Newsletter - October 2019 - HPV Vaccine Delivery

HPV & USA

Implementing Evidence-Based Strategies to Improve HPV Vaccine Delivery

Widespread coverage of HPV vaccine has the potential to prevent multiple types of cancer but many young people are still not receiving the vaccine at the recommended age of 11-12. Dr. Jason Terk, a pediatrician at Cook Children’s Health Care System in Fort Worth, Texas, was struck by the fact that adolescent HPV vaccination rates continue to be alarmingly low across the US, including Texas, where, as of 2017, less than 40% of adolescents had been vaccinated.

Wanting to protect young people for HPV-related cancers, Terk teamed-up with Melissa Gilkey and Marjorie Margolis (University of North Carolina at Chapel Hill) and Annie-Laurie McRee and Michael Parks (University of Minnesota) to evaluate an evidence-based QI project designed to increase HPV vaccination rates in the Cook Children’s system.

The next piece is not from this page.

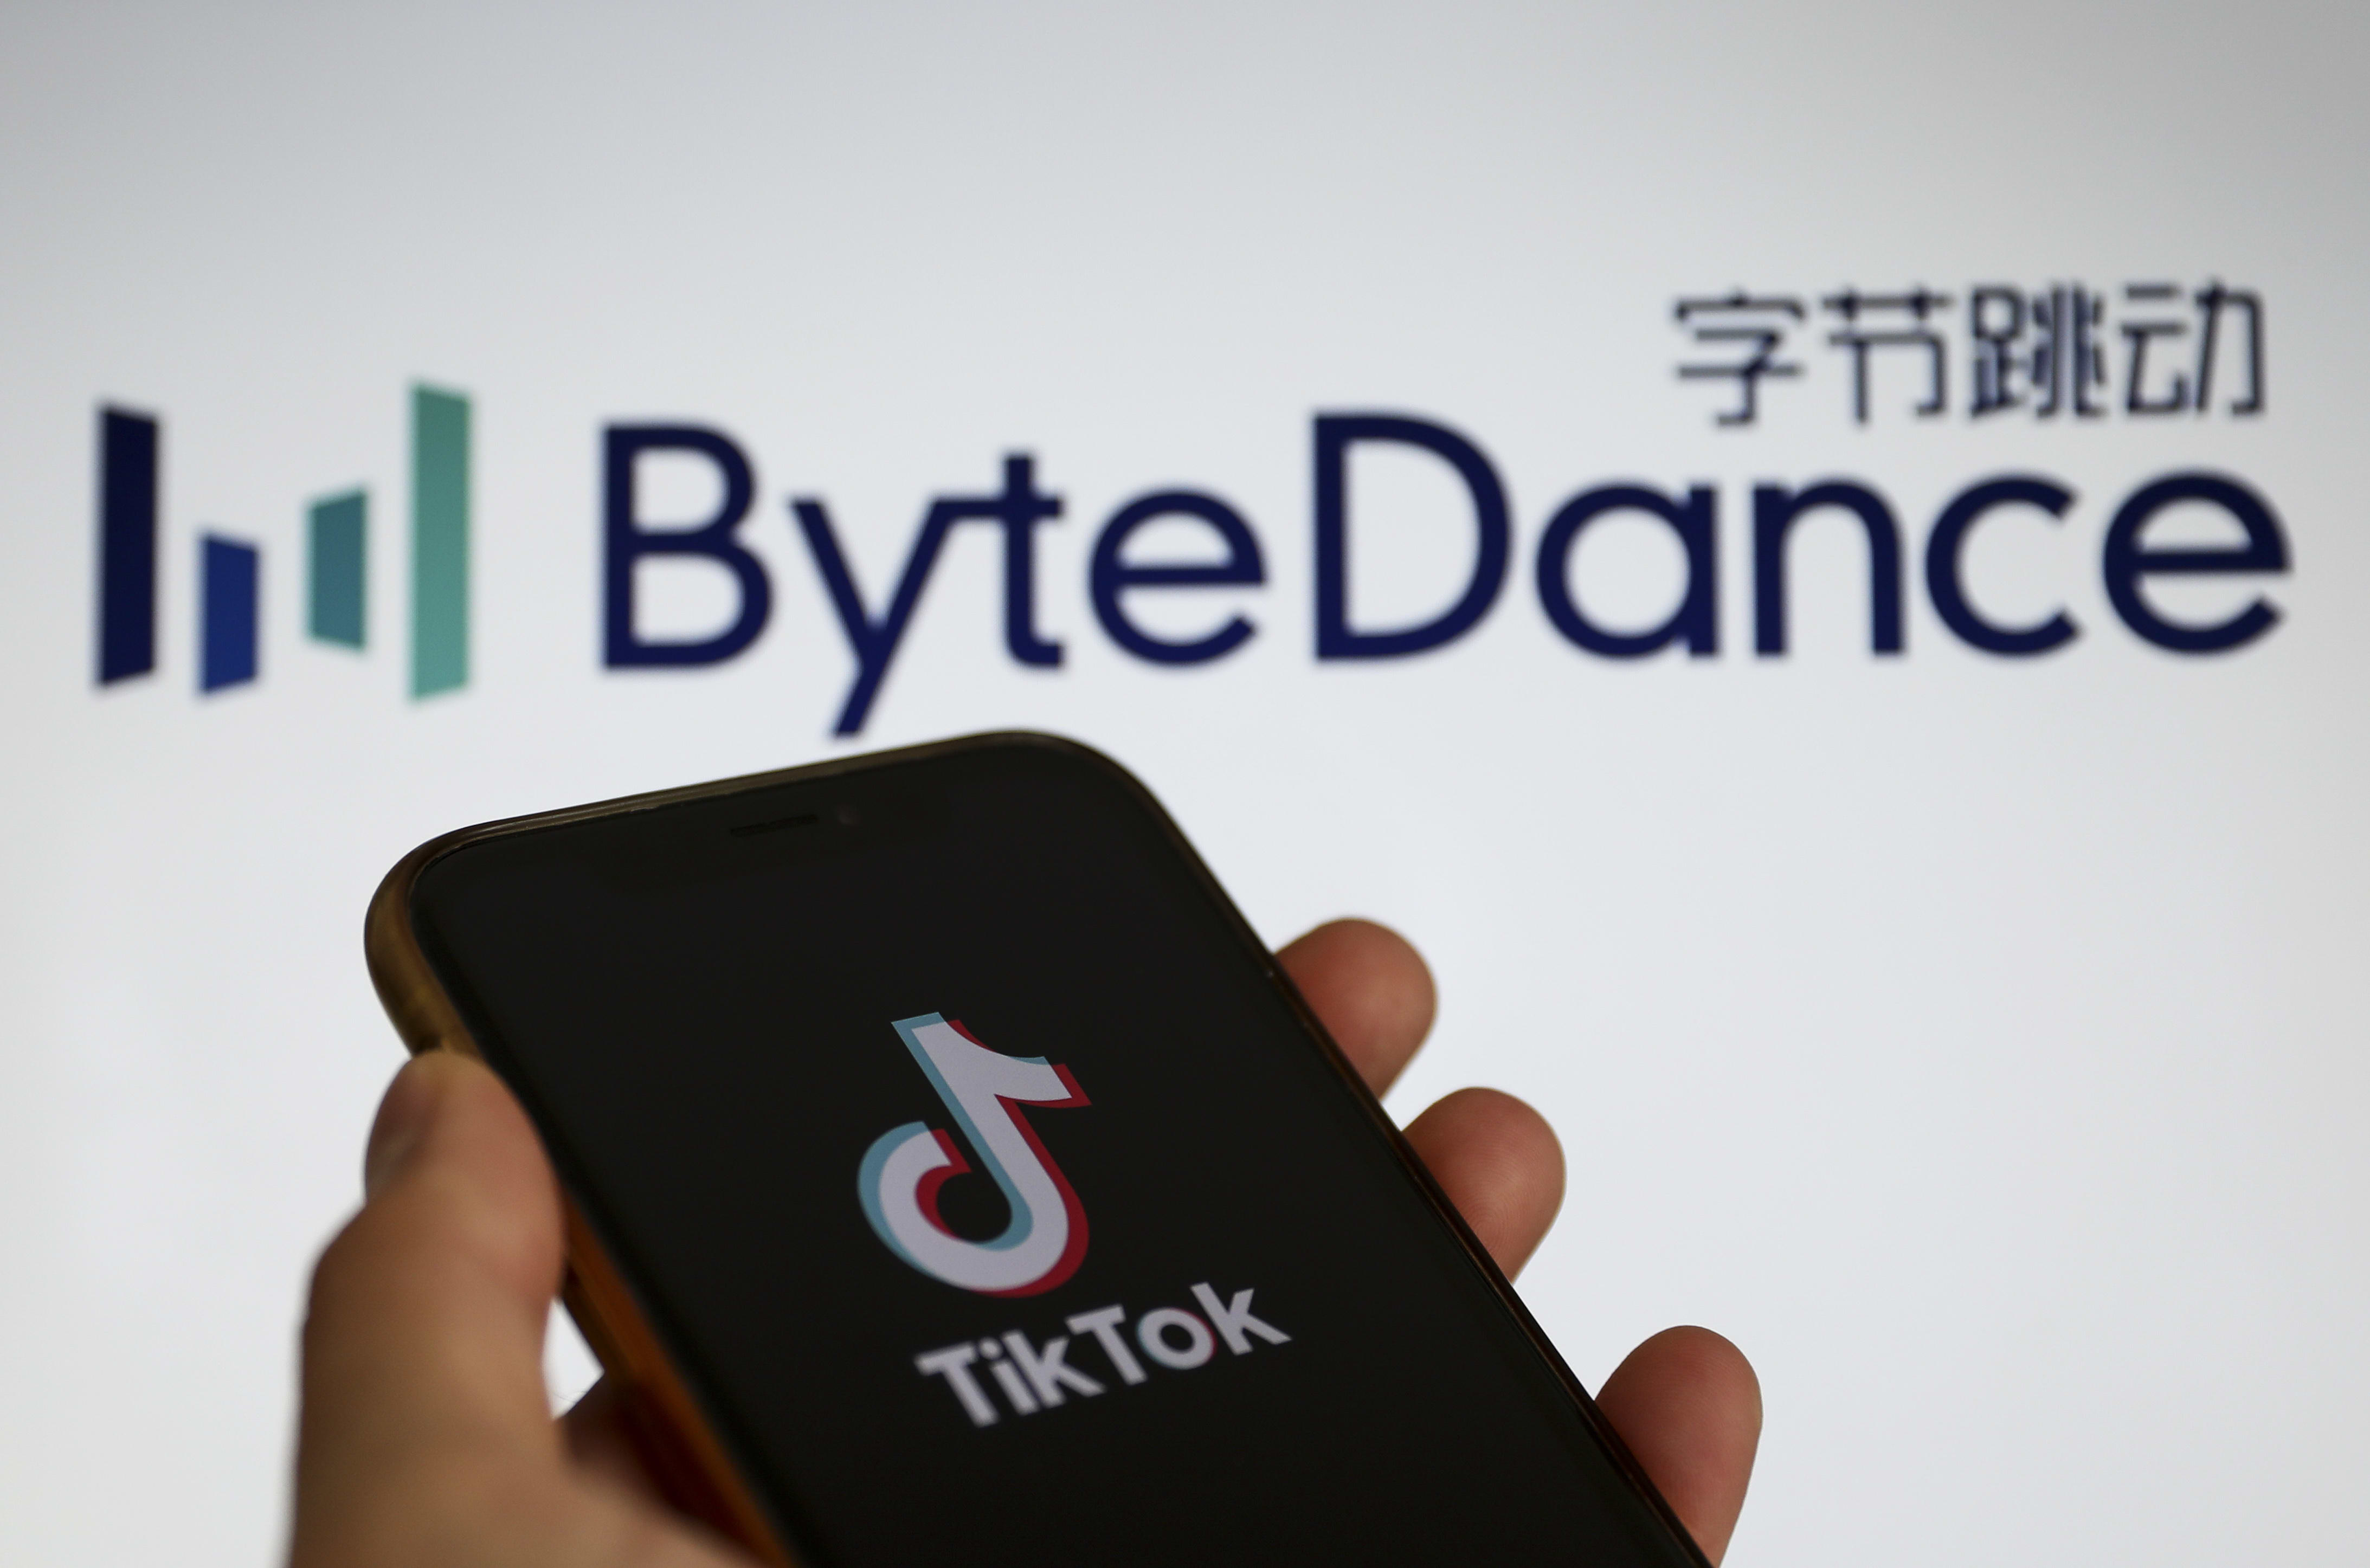 ByteDance takes over Tencent with the major acquisition of game studios

The team recruited pediatricians from 25 clinics within the not-for-profit Cook Children’s Health Care System and randomized them to a quality improvement (QI) arm or a wait-list control arm of the study. Terk, adapted an evidence-based HPV vaccination communication training and existing video vignettes to his local context, tailoring specifically for pediatricians at Cook Children’s, and recruited “high-performing” pediatricians (who were already routinely vaccinating 11-12 year old patients against HPV) to deliver the 1-hour, on-site training. Following the training, participants were also provided with data about the percentage of their patients who had begun the HPV vaccine series. This type of “assessment and feedback” is designed to increase providers’ awareness of their performance and to encourage the use of quality HPV vaccine recommendation strategies with their patients and their parents.

Results from the study showed that the six-month QI program had excellent reach, and resulted in an increase in HPV vaccination coverage among patients of providers in the QI arm.  The study team noted that, although the increases seen in this study are small, they are meaningful at a population level.

“One of the things that was most exciting about working on this project was the research translation.” McRee, an associate professor with the Healthy Youth Development-Prevention Research Center whose research focuses on HPV vaccination noted. “This project was led by a dedicated healthcare provider who took an approach previously used in formal research and brought it to life in a real-world setting that, unlike a controlled research setting, doesn’t have staff dedicated to recruitment, or provide incentives for participation.”

Research suggests that provider-parent communication about HPV vaccination is a key predictor of vaccine uptake “However,” McRee says, “many providers deliver recommendations infrequently, late, or not at all, so this is an important area for improvement.” This study adds to the growing body of research by showing that training healthcare providers to deliver strong, clear recommendations is a powerful tool for increasing HPV vaccination, and one that that can be feasible to deliver on a wider scale.